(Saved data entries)
_ _ _ _ _

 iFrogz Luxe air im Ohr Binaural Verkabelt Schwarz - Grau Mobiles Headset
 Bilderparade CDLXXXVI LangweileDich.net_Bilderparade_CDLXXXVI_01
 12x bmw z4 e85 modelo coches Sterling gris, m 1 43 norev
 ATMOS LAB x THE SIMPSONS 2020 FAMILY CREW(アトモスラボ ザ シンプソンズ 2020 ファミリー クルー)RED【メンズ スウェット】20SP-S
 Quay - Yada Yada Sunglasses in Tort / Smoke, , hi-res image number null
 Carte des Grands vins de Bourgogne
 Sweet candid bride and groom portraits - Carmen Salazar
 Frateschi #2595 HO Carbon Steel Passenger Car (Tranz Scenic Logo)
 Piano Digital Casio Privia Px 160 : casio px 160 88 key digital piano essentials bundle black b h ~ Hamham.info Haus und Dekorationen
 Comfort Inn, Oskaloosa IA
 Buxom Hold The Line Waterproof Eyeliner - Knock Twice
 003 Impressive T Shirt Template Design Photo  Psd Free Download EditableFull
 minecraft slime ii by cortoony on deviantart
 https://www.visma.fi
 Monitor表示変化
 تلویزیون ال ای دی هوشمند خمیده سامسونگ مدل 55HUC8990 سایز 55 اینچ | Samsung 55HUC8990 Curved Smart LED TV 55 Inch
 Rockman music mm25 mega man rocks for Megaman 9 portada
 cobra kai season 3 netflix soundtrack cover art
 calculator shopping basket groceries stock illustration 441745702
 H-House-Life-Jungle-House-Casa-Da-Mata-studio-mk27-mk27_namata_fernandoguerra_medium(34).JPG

_ _ _ _ _

◆ **EXERCISE GOAL**:
Please make your reply exactly the lines from the one containing "calculator shopping basket" through the end of the entries above, and nothing more.

◆ **EXERCISE RESULT**:
 calculator shopping basket groceries stock illustration 441745702
 H-House-Life-Jungle-House-Casa-Da-Mata-studio-mk27-mk27_namata_fernandoguerra_medium(34).JPG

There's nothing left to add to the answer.